When you create firewall rules for Dataflow, specify the Dataflow network tags. Otherwise, the firewall rules apply to all VMs in the VPC network.

Where applicable, hierarchical firewall policies are evaluated first and these rules preempt VPC firewall rules. If the Dataflow job is in a project which is part of a folder or organization where hierarchical firewall policies are used, the compute.orgFirewallPolicyAdmin role is required to make policy modifications.

If you did not create custom network tags when you ran the pipeline code, Dataflow VMs use the default dataflow tag. In the absence of custom network tags, create the firewall rules with the default dataflow tag.

If you created custom network tags when you ran the pipeline code, Dataflow VMs use those tags. Create the firewall rules with the custom tags.

Some VPC networks, such as the automatically created default network, include a default-allow-internal rule that meets the firewall requirement for Dataflow.

Example firewall ingress rule

The ingress firewall rule permits Dataflow VMs to receive packets from each other. You must always create ingress allow firewall rules or traffic is always blocked, even if egress rules allow such traffic.

In the following example, a firewall ingress rule is created for Dataflow, where all worker VMs have the default network tag dataflow. A project owner, editor, or security admin can use the following gcloud command to create an ingress allow rule that permits traffic on TCP ports 12345 and 12346 from VMs with the network tag dataflow to other VMs with the same tag:

gcloud compute firewall-rules create FIREWALL_RULE_NAME_INGRESS \
    --action=allow \
    --direction=ingress \
    --network=NETWORK  \
    --target-tags=CUSTOM_TAG \
    --source-tags=CUSTOM_TAG \
    --priority=PRIORITY_NUM \
    --rules tcp:12345-12346

Replace the following:

  • FIREWALL_RULE_NAME_INGRESS: a name for the firewall rule

  • NETWORK: the name of the network that your worker VMs use

  • CUSTOM_TAG: a comma-delimited list of network tags

    The following is a list of guidelines for using network tags:

    • If you omit --target-tags, the rule applies to all VMs in the VPC network.
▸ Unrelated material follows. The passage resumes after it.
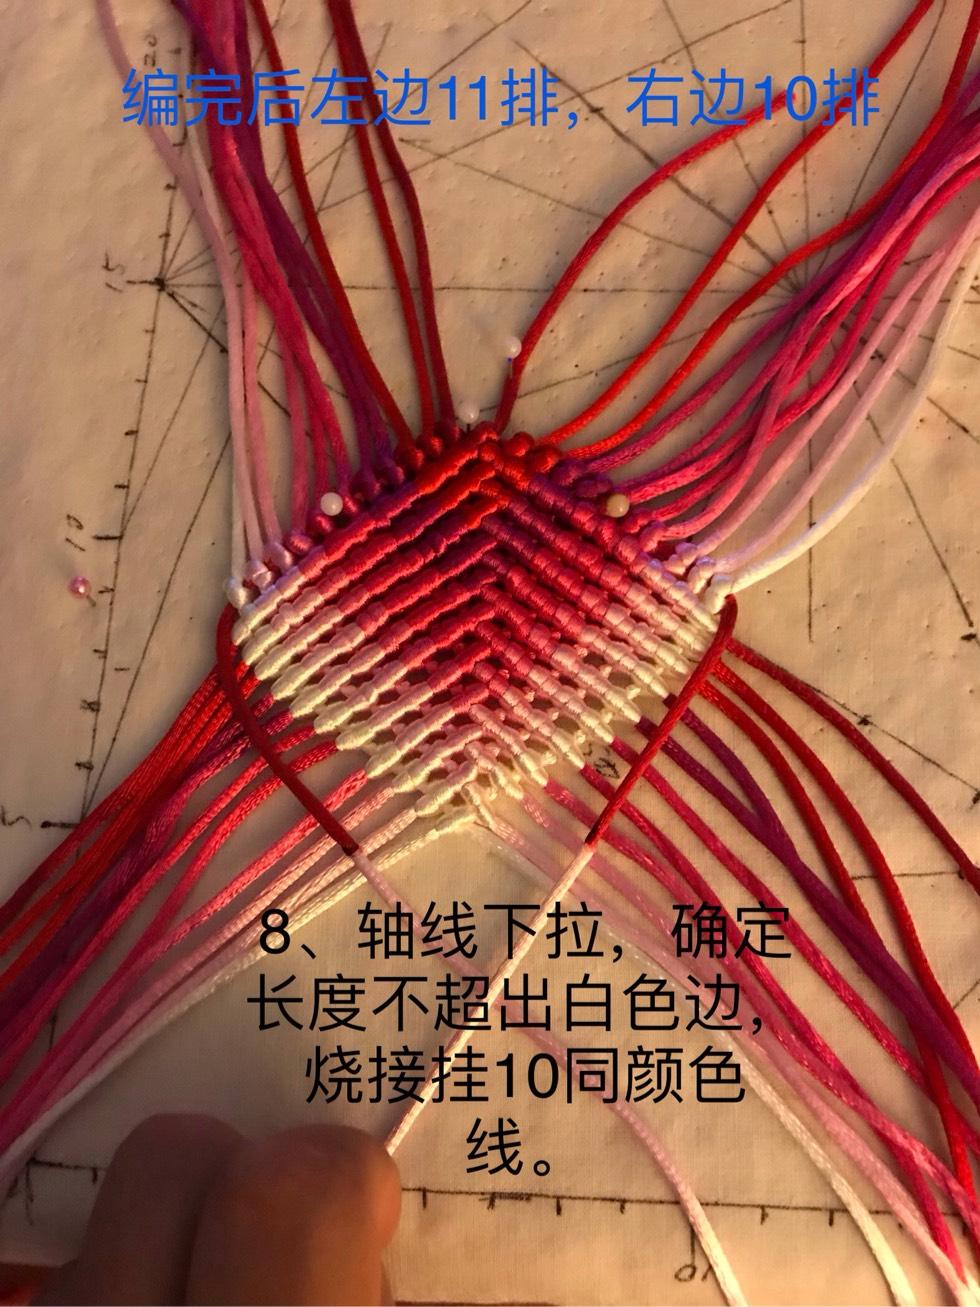 中国结论坛 彩色寿桃过程记录  图文教程区 195053yxx1kt88mu9ldx05

    • If you omit --source-tags and all other source specifications, traffic from any source is allowed.

    • If you have not specified custom network tags and you want the rule to be specific to Dataflow VMs, use dataflow as the network tag.

    • If you have specified custom network tags and you want the rule to be specific to Dataflow VMs, use your custom network tags.
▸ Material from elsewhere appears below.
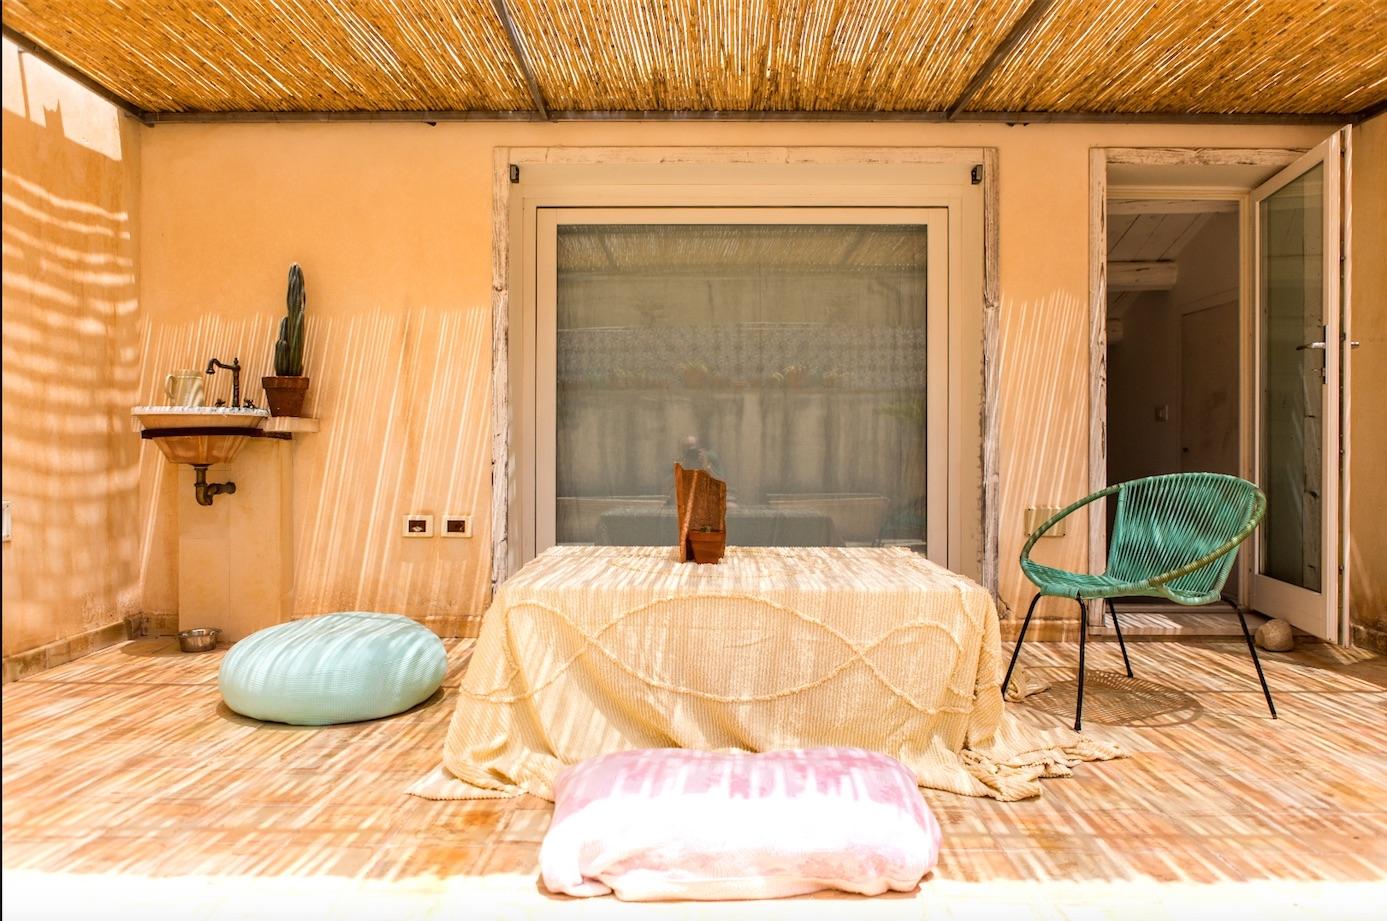 Noto Ferienwohnung: 3 schlafzimmer, WIFI. Ferienwohnungen en Noto ...

  • PRIORITY_NUM: the priority of the firewall rule

    Lower numbers have higher priorities and 0 is the highest priority.

Example firewall egress rule

The egress firewall rule permits Dataflow VMs to send packets to each other. If you've created any egress deny firewall rules, you might need to create custom egress allow firewall rules in your VPC network.

In this example, a firewall egress rule is created for Dataflow, where all worker VMs have the default network tag of dataflow. A project owner, editor, or security admin can use the following gcloud command to create an egress allow rule that permits traffic from TCP ports 12345 and 12346 on VMs with the network tag dataflow to other VMs with the same tag:

gcloud compute firewall-rules create FIREWALL_RULE_NAME_EGRESS \
    --network=NETWORK \
    --action=allow \
    --direction=egress \
    --target-tags=CUSTOM_TAG \
    --destination-ranges=DESTINATION-RANGES\
    --priority=PRIORITY_NUM  \
    --rules tcp:12345-12346

Replace the following:

  • FIREWALL_RULE_NAME_EGRESS: a name for the firewall rule

  • NETWORK: the name of the network that your worker VMs use

  • CUSTOM_TAG: a comma-delimited list of network tags

    The following is a list of guidelines for using network tags:

    • If you omit --target-tags, the rule applies to all VMs in the VPC network.

    • If you omit --source-tags and all other source specifications, traffic from any source is allowed.

    • If you have not specified custom network tags and you want the rule to be specific to Dataflow VMs, use dataflow as the network tag.

    • If you have specified custom network tags and you want the rule to be specific to Dataflow VMs, use your custom network tags.

  • DESTINATION-RANGES: a comma-delimited list of CIDRs

    Include the selected subnetwork's primary IP address range.

  • PRIORITY_NUM: the priority of the firewall rule

    Lower numbers have higher priorities and 0 is the highest priority.

For specific TCP ports used by Dataflow, you can view the project container manifest. The container manifest explicitly specifies the ports in order to map host ports into the container.

SSH access to worker VMs

Dataflow does not require SSH; however, SSH is useful for troubleshooting.

If your worker VM has an external IP address, you can connect to the VM through either the Google Cloud console or by using the Google Cloud CLI. To connect using SSH, you must have a firewall rule that allows incoming connections on TCP port 22 from at least the IP address of the system on which you're running gcloud or the system running the web browser you use to access the Google Cloud console.

You can view network configuration and activity by opening an SSH session on one of your workers and running iproute2. For more information, see the iproute2 page.

If you need to connect to a worker VM that only has an internal IP address, see Choose a connection option for internal-only VMs.